Q13. Use the given degree of confidence and sample data to construct a confidence interval for the population mean µ. Assume that the population has a normal distribution. n = 12, x̄ = 23.6, s = 6.6, 99% confidence.
Background
Topic: Confidence Interval for a Population Mean (Unknown Standard Deviation, Small Sample)
This question tests your ability to construct a confidence interval for a population mean when the population standard deviation is unknown and the sample size is small (n < 30), requiring the use of the t-distribution.
Key Terms and Formula:
Confidence Interval: \( \bar{x} \pm t_{\alpha/2, df} \frac{s}{\sqrt{n}} \)
Where:
\( \bar{x} \) = sample mean
\( s \) = sample standard deviation
n = sample size
df = degrees of freedom = n - 1
\( t_{\alpha/2, df} \) = critical value from the t-distribution
Step-by-Step Guidance
Identify the sample mean, sample standard deviation, sample size, and confidence level.
Calculate the degrees of freedom (df = n - 1).
Find the critical value \( t_{\alpha/2, df} \) for a 99% confidence level and the calculated degrees of freedom.

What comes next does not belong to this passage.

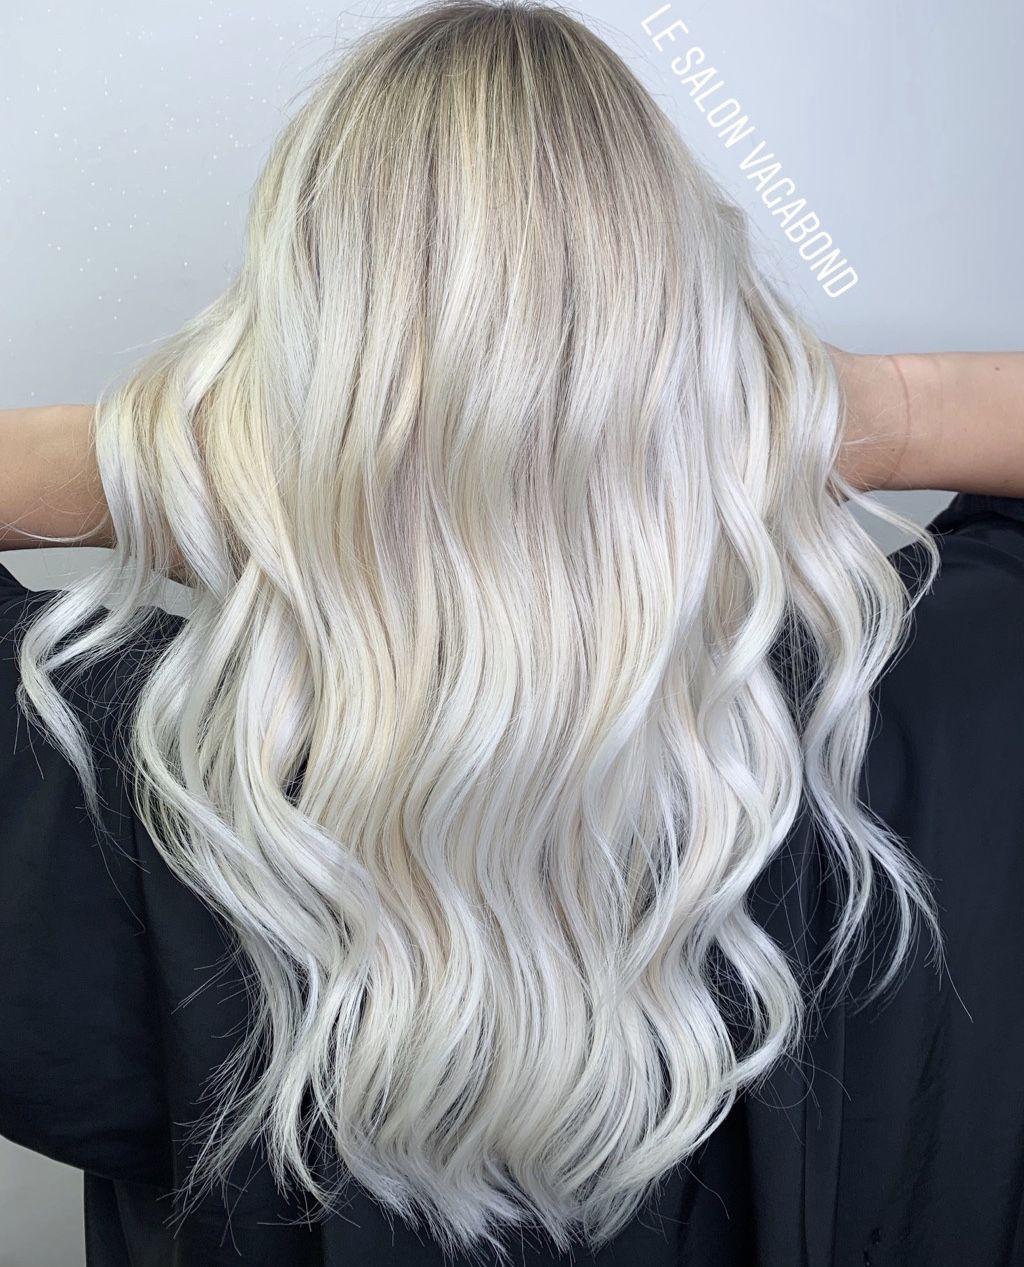 Epingle Sur Les Blonds By Le Salon Vagabond

Calculate the standard error: \( \frac{s}{\sqrt{n}} \)
Set up the confidence interval formula using the values from the previous steps.

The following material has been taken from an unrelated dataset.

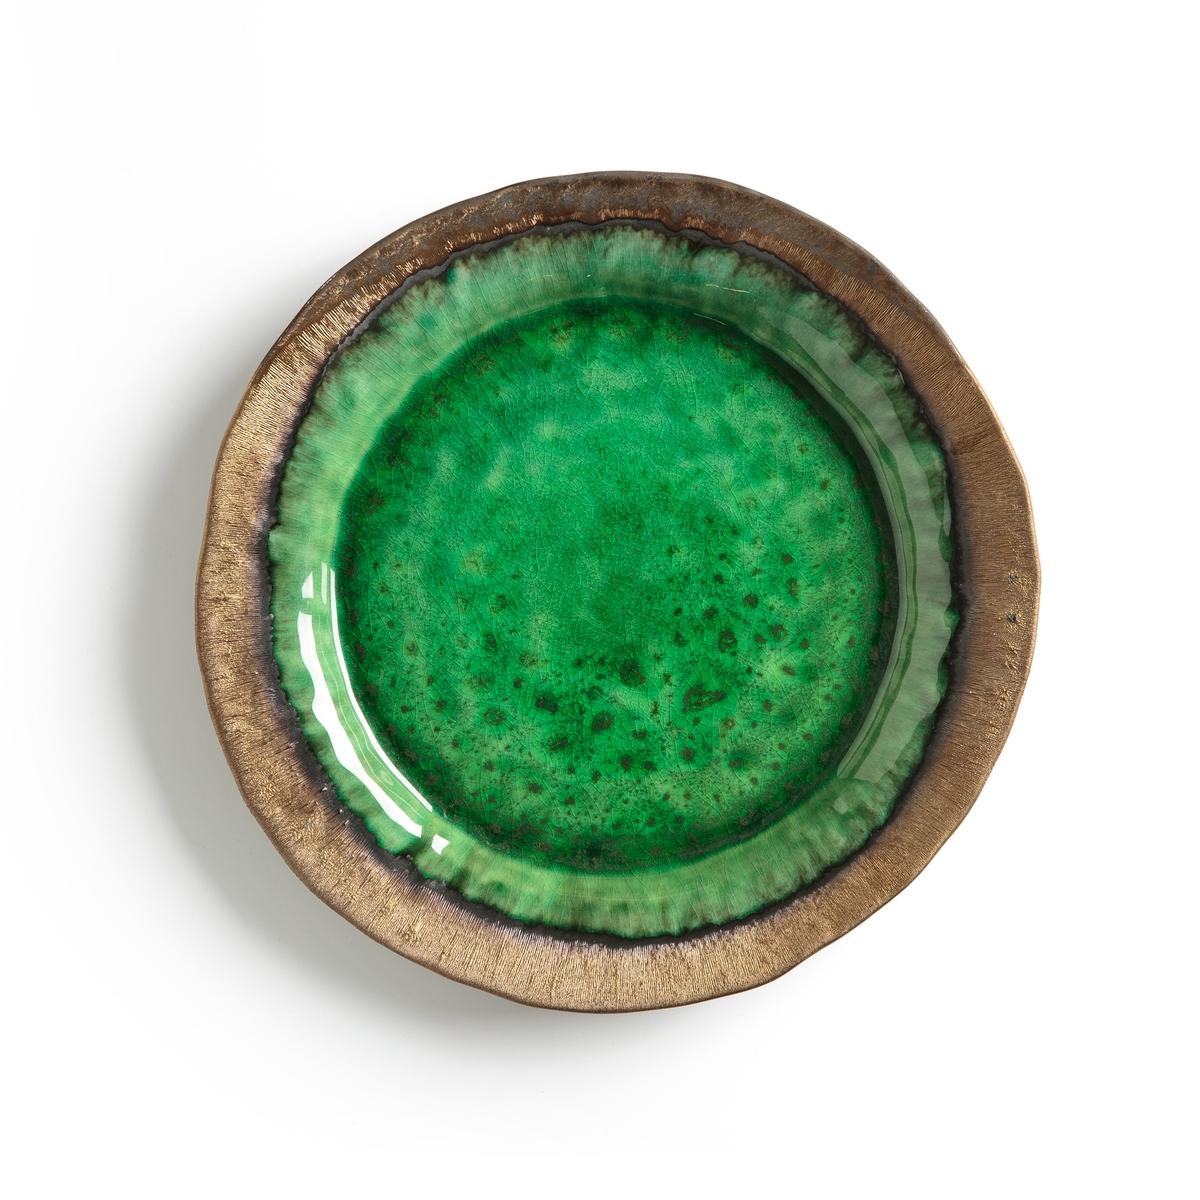 Тарелка мелкая из глазурованной керамики, Altadill

Try solving on your own before revealing the answer!
Q14. A laboratory tested twelve chicken eggs and found that the mean amount of cholesterol was 185 milligrams with s = 17.6 milligrams. Construct a 95% confidence interval for the true mean cholesterol content of all such eggs.
Background
Topic: Confidence Interval for a Population Mean (Unknown Standard Deviation, Small Sample)
This question tests your ability to construct a confidence interval for a population mean when the population standard deviation is unknown and the sample size is small, requiring the use of the t-distribution.
Key Terms and Formula:
Confidence Interval: \( \bar{x} \pm t_{\alpha/2, df} \frac{s}{\sqrt{n}} \)
Step-by-Step Guidance
Identify the sample mean, sample standard deviation, sample size, and confidence level.

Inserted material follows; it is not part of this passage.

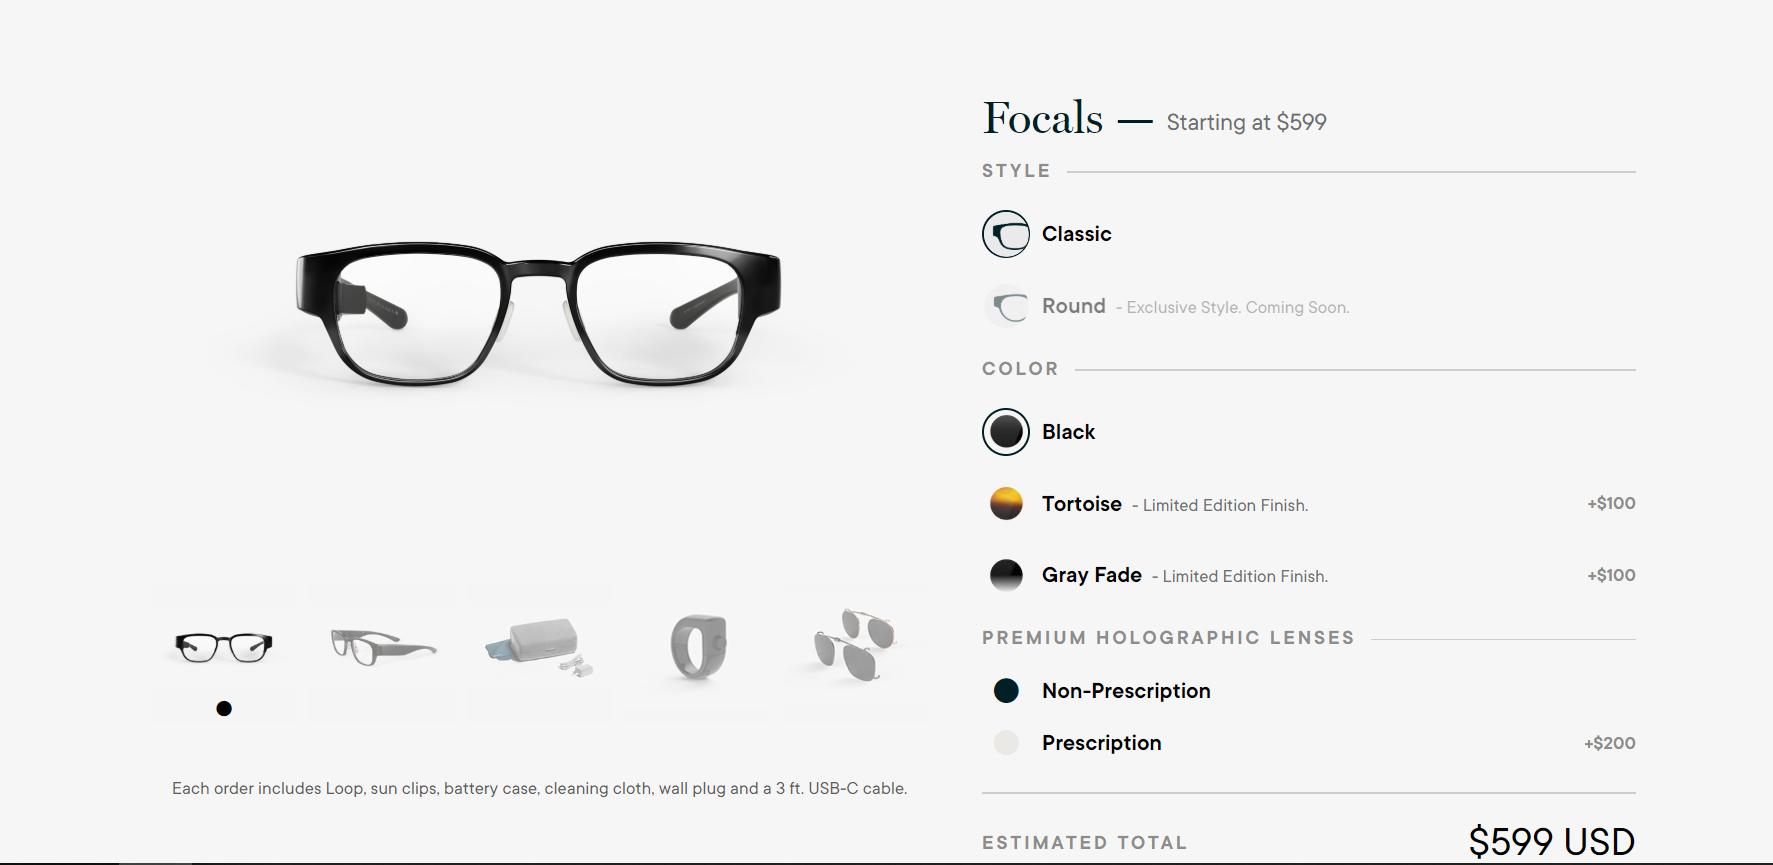 North baja el precio de sus gafas inteligentes Focals

Calculate the degrees of freedom (df = n - 1).
Find the critical value \( t_{\alpha/2, df} \) for a 95% confidence level and the calculated degrees of freedom.
Calculate the standard error: \( \frac{s}{\sqrt{n}} \)
Set up the confidence interval formula using the values from the previous steps.
Try solving on your own before revealing the answer!